Les États-Unis ont déploré mardi 1592 décès supplémentaires liés au coronavirus en 24 heures, un lourd bilan journalier qui n’avait pas été atteint depuis deux mois et demi, selon les chiffres à 20 h 30 locales (0 h 30 GMT) de l’université Johns Hopkins.

Le pays a par ailleurs de nouveau recensé plus de 60 000 cas d’infection au coronavirus en une journée, après une légère baisse ces deux derniers jours.

Il faut remonter à la mi-mai pour trouver un bilan de décès sur 24 heures plus lourd que celui de mardi (1680 morts le 15 mai).

Le nombre total de cas de COVID-19 diagnostiqués aux États-Unis dépasse désormais les 4,34 millions, et le pays déplore plus de 149 000 morts depuis le début de la pandémie, ce qui en fait de loin le plus endeuillé au monde.

Après avoir connu une amélioration vers la fin du printemps, les États-Unis voient depuis fin juin l’épidémie repartir à la hausse, notamment dans le sud et l’ouest du pays.

Il y a deux semaines, les nouvelles infections diagnostiquées chaque 24 heures ont dépassé les 60 000 durant douze jours consécutifs (dont trois jours à plus de 70 000).

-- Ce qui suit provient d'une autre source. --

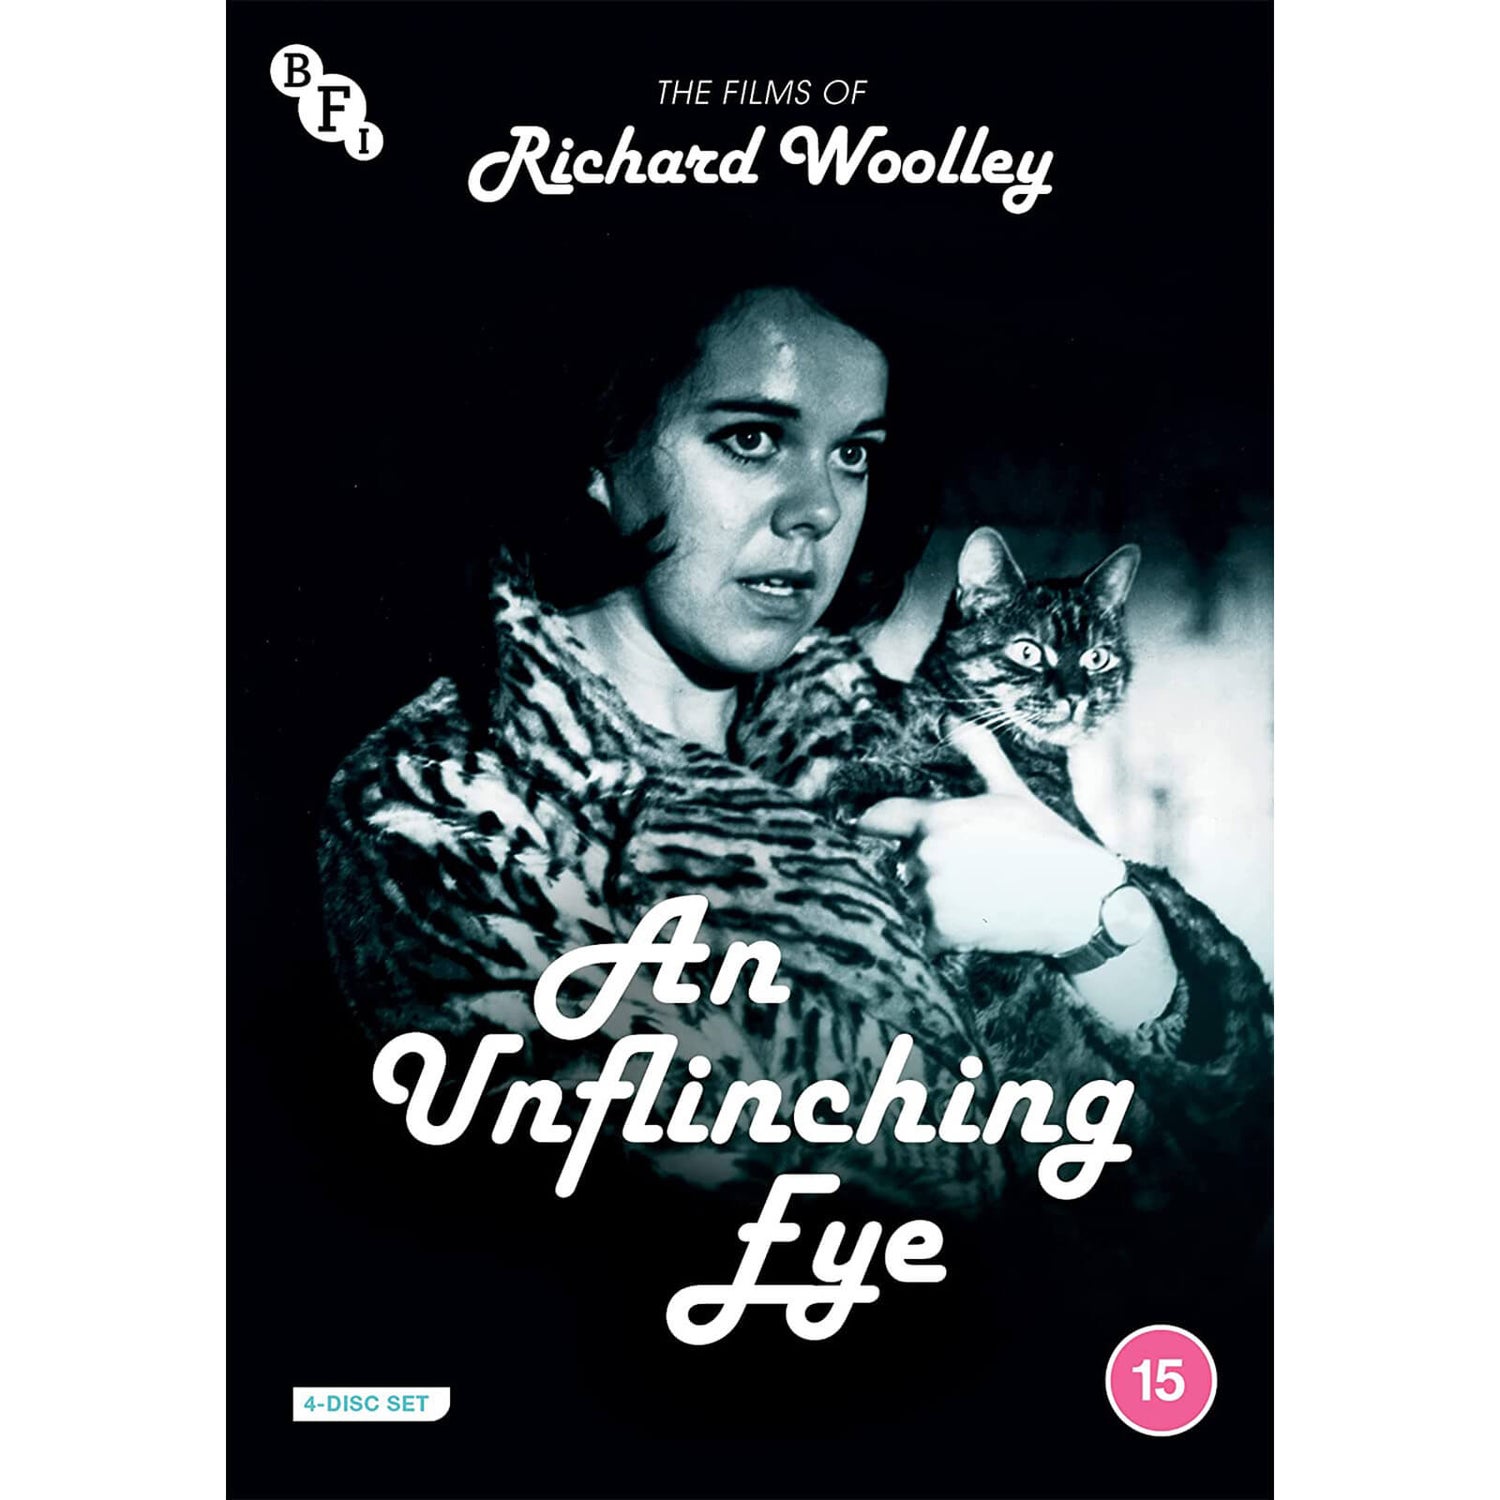 An Unflinching Eye : Les films de Richard Woolley

La Floride inquiète particulièrement. Avec 186 décès en un jour mardi, elle a dépassé les 6000 morts au total. Elle est désormais le deuxième État à recenser le plus de cas (plus de 440 000 au total), derrière la Californie.

Ces deux États ont dépassé le nombre d’infections détectées à New York, qui a longtemps été l’épicentre de l’épidémie américaine, mais où elle est désormais sous contrôle.

Face à l’explosion des nouvelles contaminations, les experts craignent que la courbe des morts ne suive la même trajectoire, avec retard, puisque le consensus scientifique est que la vague de décès suit de trois ou quatre semaines celle des infections.

Elle a déjà commencé à remonter. En fin de semaine dernière, le nombre de morts recensés avait dépassé la barre des 1000 décès quatre jours de suite, ce qui n’était pas arrivé depuis fin mai.

Ces niveaux ne sont toutefois pas encore équivalents à ceux enregistrés aux États-Unis fin avril, lorsqu’une bonne partie du pays était confinée et que la barre des 2000 décès journaliers était régulièrement franchie.